Yang Jun, Wang Qinying, Song Ping, Nangong Ziyan, Cui Long, Kong Fanfang, Feng Shanshan

机构信息

College of Plant Protection, Biocontrol Centre of Plant Diseases and Plant Pests of Hebei Province, Baoding, China.

出版信息

Wei Sheng Wu Xue Bao. 2008 May;48(5):677-83.

Abstract

OBJECTIVE

Xenorhabdus nematophila is an insect pathogen bacterium symbiotically associated with entomopathogenic nematode. The bacteria produce a number of toxins to overcome immune response of insect hosts and kill their hosts. We purified a novel haemocoel insecticidal protein from X. nematophila HB310, cloned and analysed gene sequence of this novel protein.

METHODS

We isolated and purified the insecticidal protein by methods of salting out and native-PAGE from the intracellular proteins of X. nematophila HB310. We tested the virulence of the protein by direct injection into fifth-instar Galleria mellonella larvae. The protein was identified by western blotting. The gene of insecticidal protein was cloned by PCR and analyzed in GenBank.

RESULTS

We purified a novel haemocoel insecticidal protein that was named as Tp40. The injectable hemocoelic potency (LD50) of Tp40 was 68.54 ng/larva against fifth-instar G. mellonella larvae. The SDS-PAGE spectrum of Tp40 only showed a single - 42kDa band. Western blotting with an antibody that was highly specific to the known Txp40 indicated that Tp40 was homologous to the known Txp40 and only existed inside cells.

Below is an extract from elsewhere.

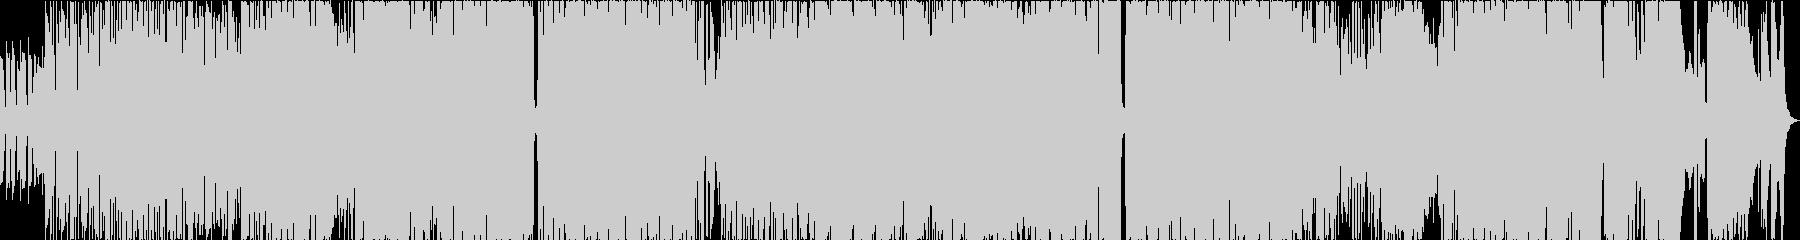 ジャジーでミステリアスなスイングソングの未再生の波形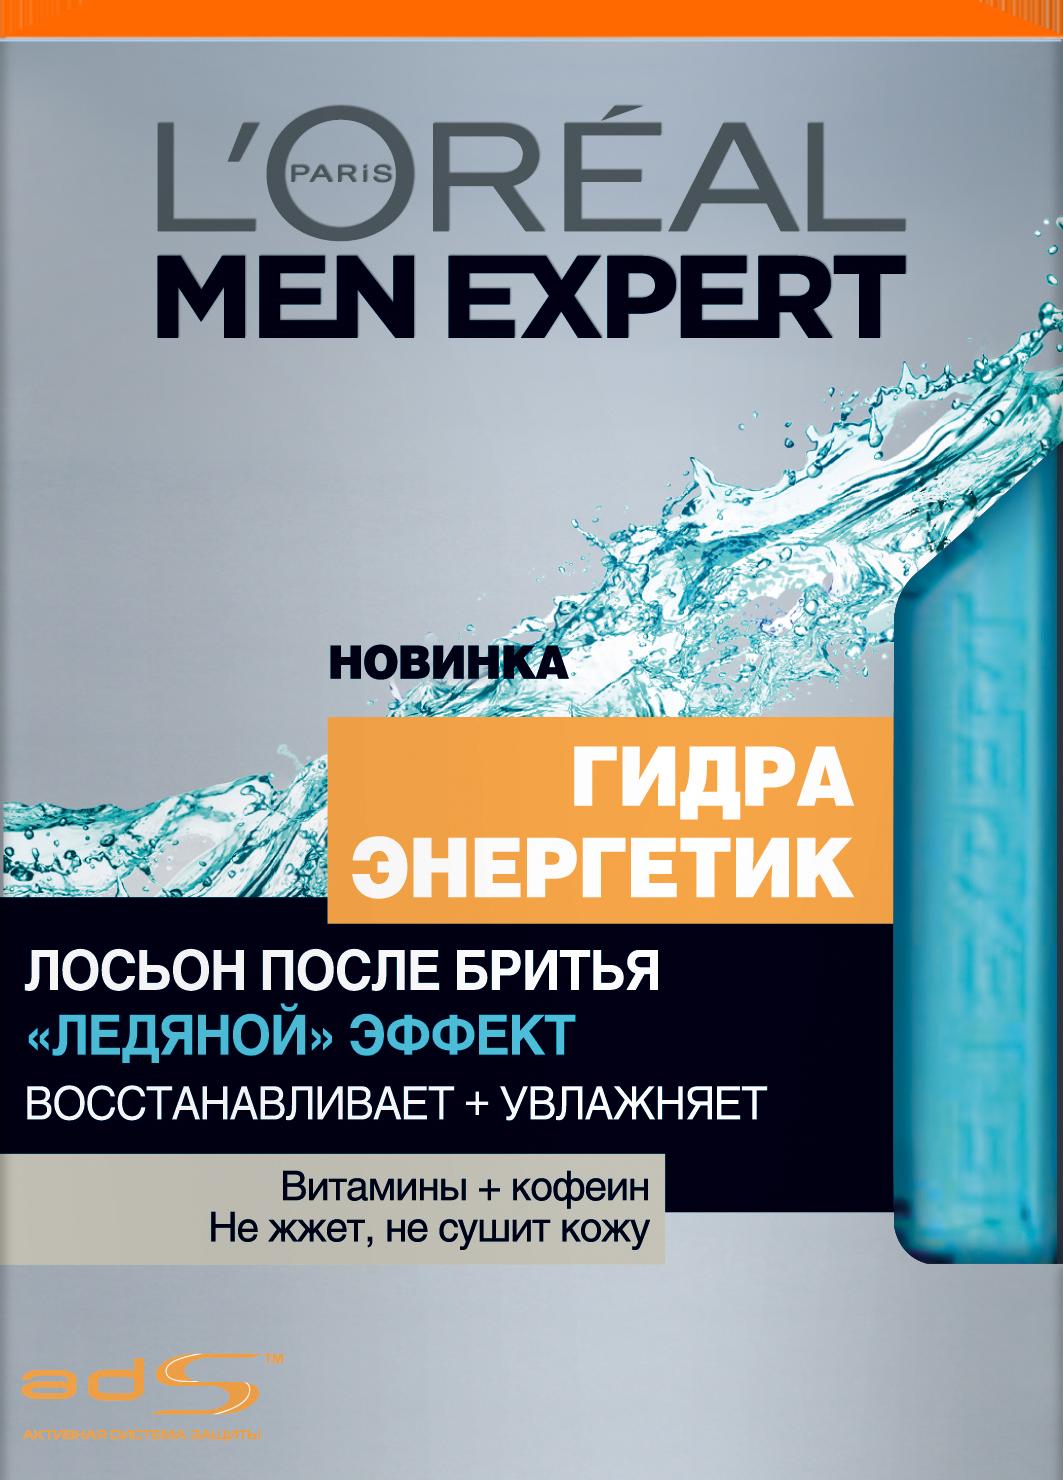 Лосьон после бритья L`Oreal Paris Men Expert Гидра энергетик ледяной эффект 100 мл фото

The nucleotide sequences of tp40 gene have been deposited in GenBank (accession number GenBank: EU095326). The size of the open reading frame of tp40 was 1107bp, encoding a peptide of 368 amino acid residues, with a theoretical molecular weight 41.5 kDa and an isoelectricpoint (IP) 8.66. The Tp40 shared 85%-99% homology of nucleotide sequences and 70%-99% amino acids with those of 13 group strains.

CONCLUSION

Tp40 is high injectable virulent for G. mellonella larvae and its gene/protein sequence is highly conserved, which play a key role during the bacterium-nematode killing host insects process.

摘要

目的

嗜线虫致病杆菌是一种与昆虫病原线虫共生的昆虫病原菌。该细菌产生多种毒素以克服昆虫宿主的免疫反应并杀死宿主。我们从嗜线虫致病杆菌HB310中纯化了一种新型血腔杀虫蛋白,克隆并分析了该新型蛋白的基因序列。

方法

我们通过盐析和非变性聚丙烯酰胺凝胶电泳(native-PAGE)方法从嗜线虫致病杆菌HB310的胞内蛋白中分离纯化杀虫蛋白。通过直接注射到五龄大蜡螟幼虫体内测试该蛋白的毒力。通过蛋白质免疫印迹法鉴定该蛋白。通过聚合酶链反应(PCR)克隆杀虫蛋白基因并在基因银行(GenBank)中进行分析。

结果

我们纯化了一种新型血腔杀虫蛋白,命名为Tp40。Tp40对五龄大蜡螟幼虫的注射血腔毒力(半数致死剂量,LD50)为68.54纳克/幼虫。Tp40的十二烷基硫酸钠-聚丙烯酰胺凝胶电泳(SDS-PAGE)图谱仅显示一条单一的42 kDa条带。用对已知Txp40具有高度特异性的抗体进行蛋白质免疫印迹表明,Tp40与已知的Txp40同源,且仅存在于细胞内。tp40基因的核苷酸序列已存入基因银行(登录号GenBank:EU095326)。tp40的开放阅读框大小为1107bp,编码一个由368个氨基酸残基组成的肽段,理论分子量为41.5 kDa,等电点(IP)为8.66。Tp40与13个菌株组的核苷酸序列同源性为85%-99%,氨基酸同源性为70%-99%。

结论

Tp40对大蜡螟幼虫具有高注射毒力,其基因/蛋白序列高度保守,在细菌-线虫杀死宿主昆虫的过程中起关键作用。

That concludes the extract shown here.